EXERCISE REQUIREMENTS: Return the data exactly, apart from leaving out the pictures.

DATA BLOCK:
+--

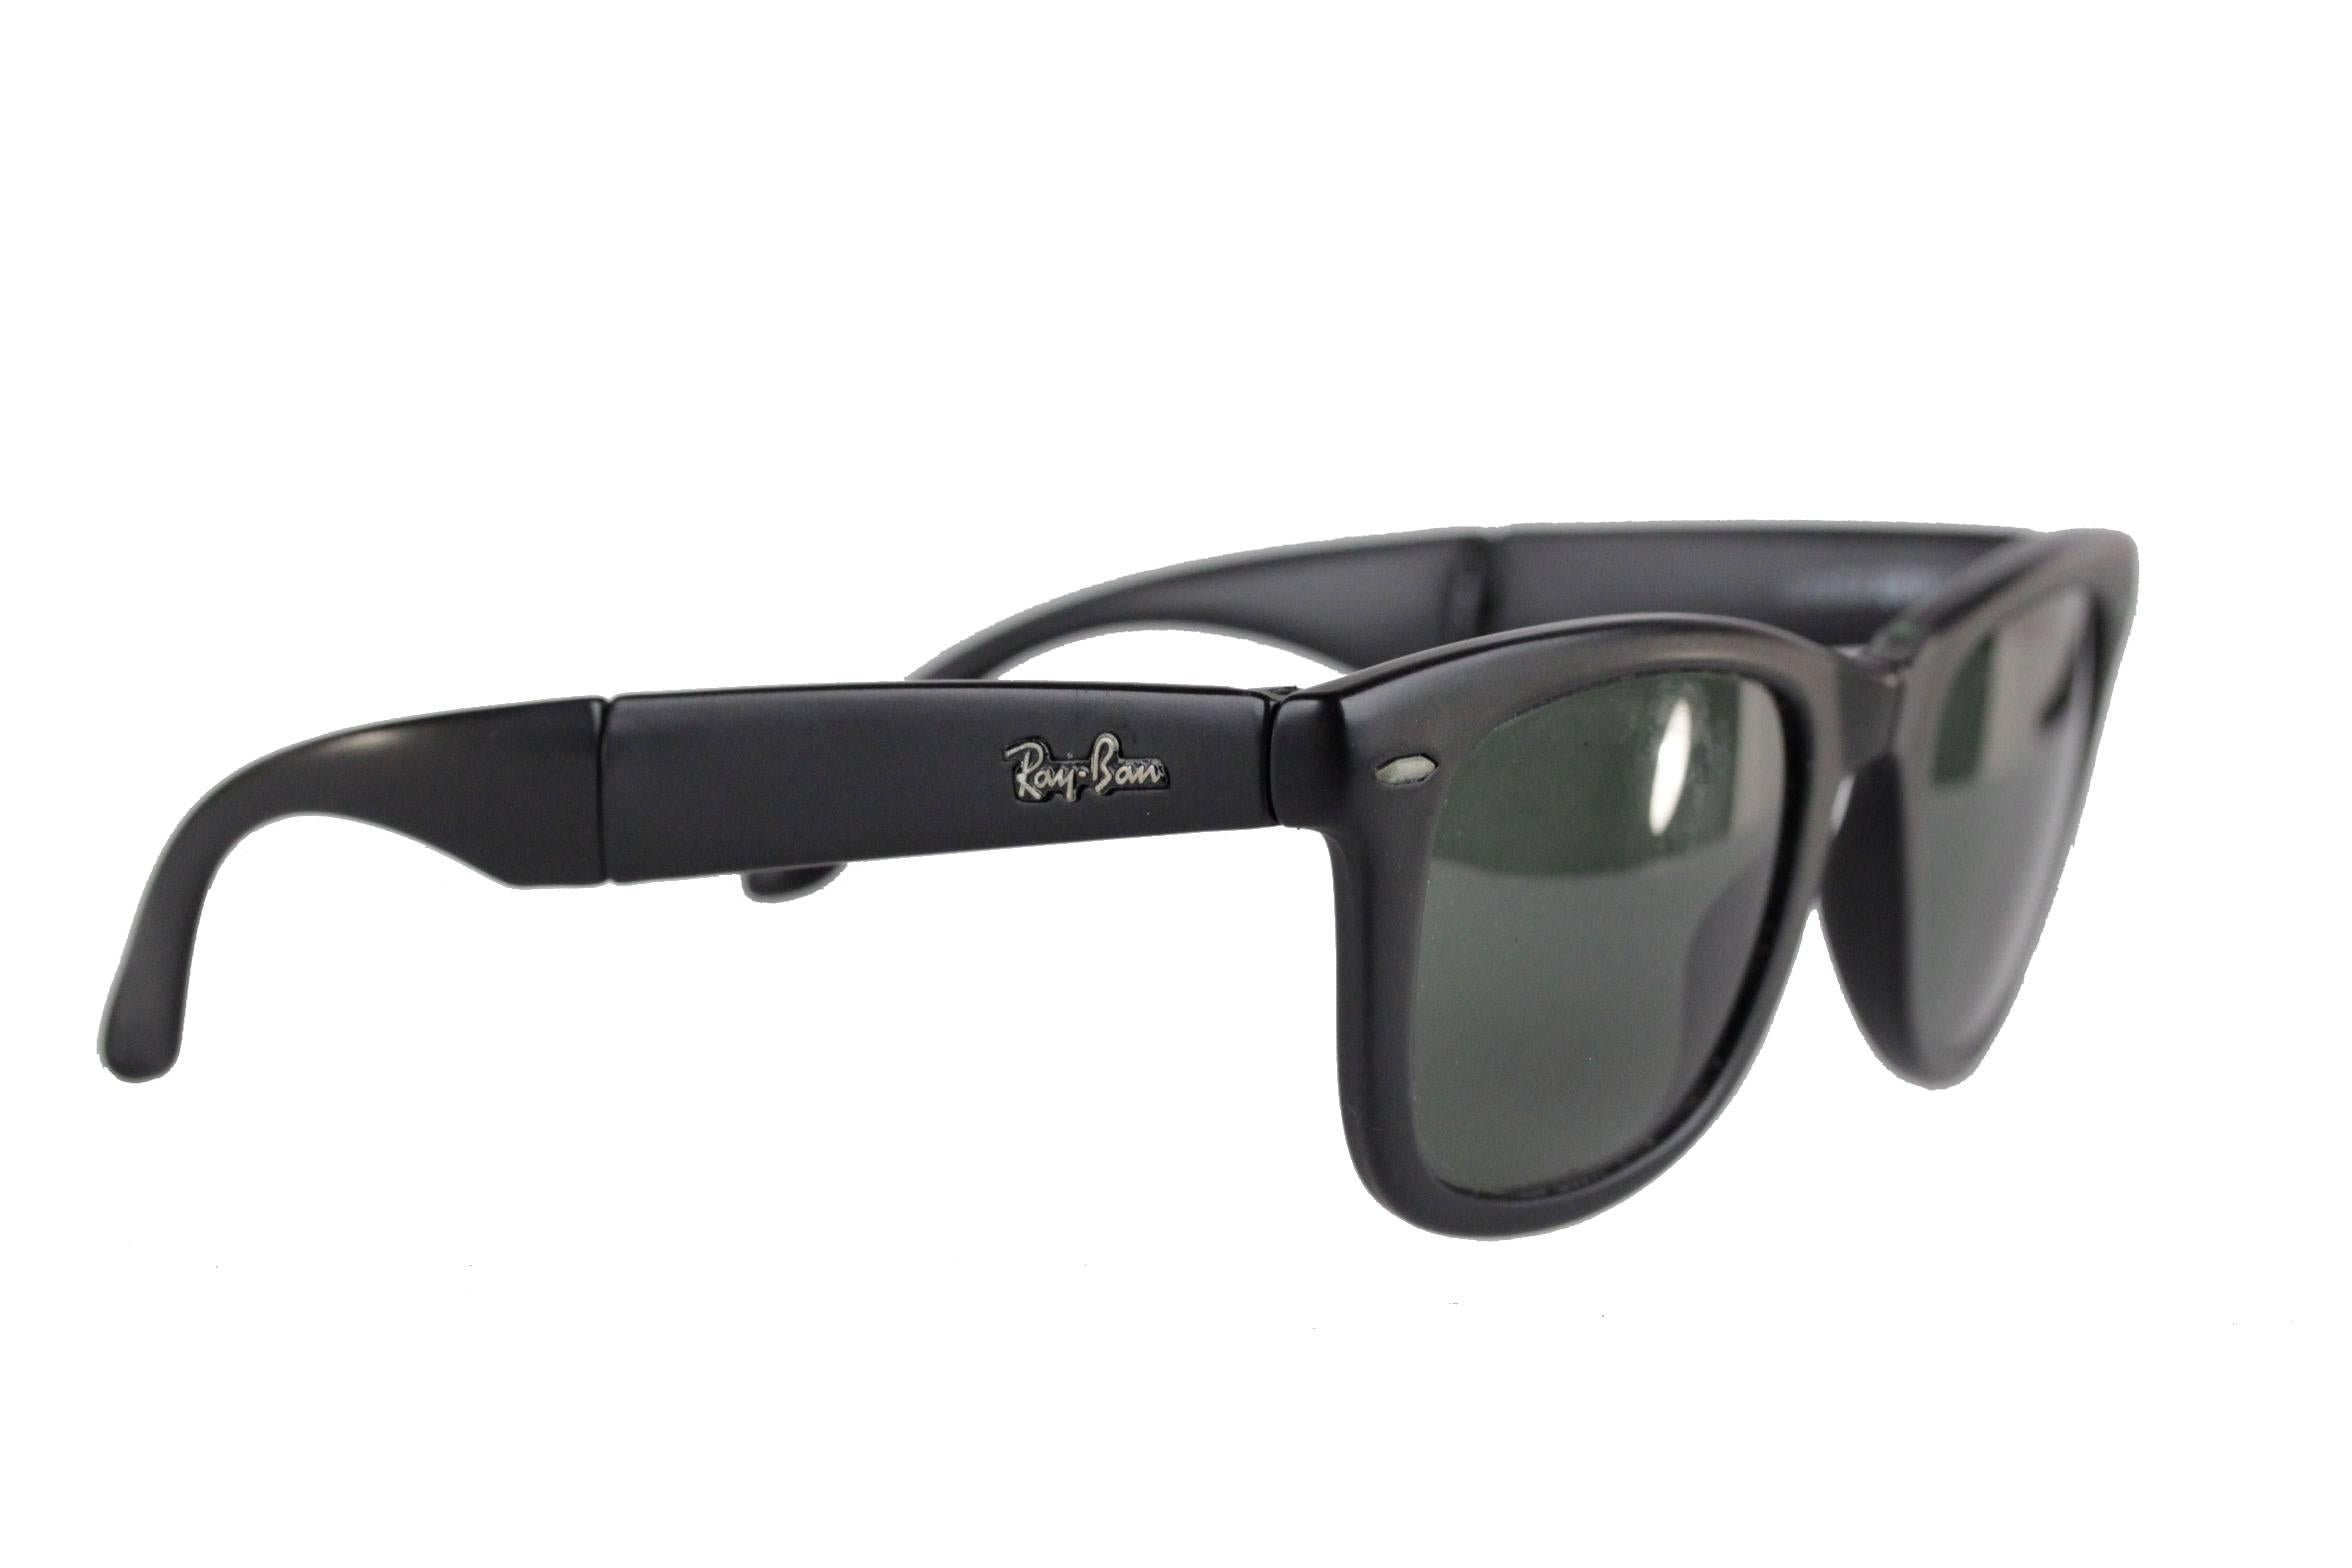  - Vintage Ray-Ban matte black folding Wayfarers
- Side stems that fold inward and front frame that fold inward
- Original classic B&L Ray-Ban G-15 anti-glare lenses ( both lenses laser etched BL near the hinges)
- The inside of one ear stem is

+--

WRITTEN ANSWER:
  - Vintage Ray-Ban matte black folding Wayfarers
- Side stems that fold inward and front frame that fold inward
- Original classic B&L Ray-Ban G-15 anti-glare lenses ( both lenses laser etched BL near the hinges)
- The inside of one ear stem is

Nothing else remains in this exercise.